Weird that you’re making this post, then, identifying him as ‘notoriously repugnant’ and ‘widely-despised’ and ‘of well-documented deplorableness’. Like, I promise you I don’t like the poster I was talking about.
smarmy dumbfuck
Well that escalated quickly, not sure you’re 100% on what ‘smarmy’ means but I doubt it matters.
“Mod Rotation” is rearranging the deck chairs. Give the mods clear guidelines of what they can do. Give the community the capability of overturning a mod’s action. Make the mods accountable for their actions by taking any punishments they gave out in error.
Set up the rules so we can get away from this real and imagined idea that it’s the mods who are responsible for the drama on this site.
That’s great. As long as you mod all users consistently most people can adapt to basically any standards of moderation within what would be considered reasonable here.
I would prefer for the next step to be focusing on setting up guidelines for users as a form of community standards. This in turn helps define the mods job as essentially taking their turn to help uphold community standards.
If we have clear guidelines for users and rotating mods, what restrictions do you feel need to be placed on mods during their terms? Not permanently banning a poster without community approval seems to be a popular one and makes sense. But what else?
Because, it seems absurd to me when people want to spend weeks arguing about a 24 hour temp ban. Have a PM discussion with the mod who banned you to understand why they think you crossed the line, and if you still disagree let it go. It’s not that important.
If mod actions can be adjudicated and overturned by the community and there are clear rules to be enforced I see no reason to limit their actions. If you don’t want to hear excessive lawyering over mod actions make a clear process for disagreements to be discussed and acted upon by the community and then don’t allow the horse to be beaten any longer.
Too much damage has been done to this community by constant rehashing of previous issues. Don’t allow it. The whole point of making rules is to stop the stuff you don’t want and encourage the stuff you do.
What actions require this though?Because if you’re saying we need this for every mod action, that is where we have a point of disagreement. No one needs to spend time arguing whether or not a 1 day ban was wrong or whether a post should be flagged and hidden or deleted. Part of the onus of not constantly rehashing pointless issues is on the users to stop bringing them up.
If you want to make a hard rule for every action a mod can or cannot, should or should not make, then we probably should get in contact with the new 22 owners about these AI mods they’re working on.
To help enforce community guidelines and standards where users refuse to abide by them.
This is why establishing what guidelines and standards we as a community care about is next on my list. The current issue is there is no singular owner to establish this and we have groups that have different ideas of what is acceptable.
Nah, there are way too many personal attacks here that really need to be cut from this forum. Especially due to the fact that it has frequently crossed the line into attacking poster’s mental health and family members.
Anything that is going to piss someone off should be brought up in front of the community. Are you not aware of what is going on right now? We are in a situation where no one trusts anyone, when there are no benefits of the doubt we’re going to need to be overly transparent.
Telling someone to shut up about the treatment they are getting without giving them a chance to air their grievance is one of the charming aspects of 22 that we should try and get rid of.
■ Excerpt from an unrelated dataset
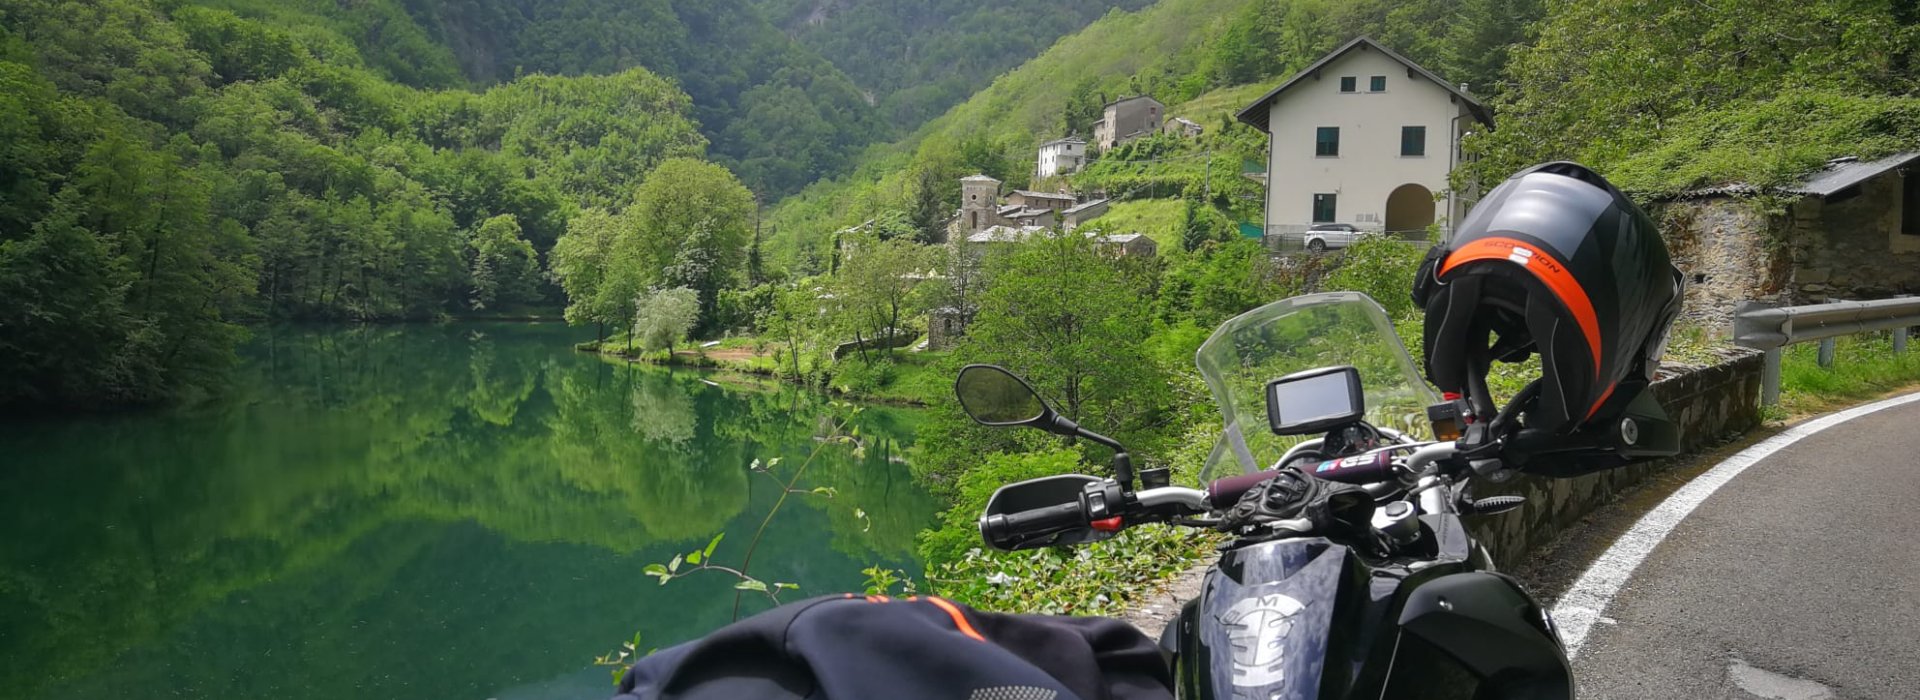 Motorbike tour in Garfagnana

The idea that the mods are above the community or outside of the community is also something we can start to change by being transparent. If someone is continually being legitimately modded and bringing those actions to the community for adjudication that will be an opportunity for community action.
It’s impossible to make hard and fast rules that cover everything, no one is suggesting that. Saying that mods can do the following things to maintain order is different than trying to enumerate the only times someone can be temp banned. Combining general rules with mods who are accountable for their actions and a community that let them know when they made a mistake should let us iterate to a good set of rules that most people have no problem following.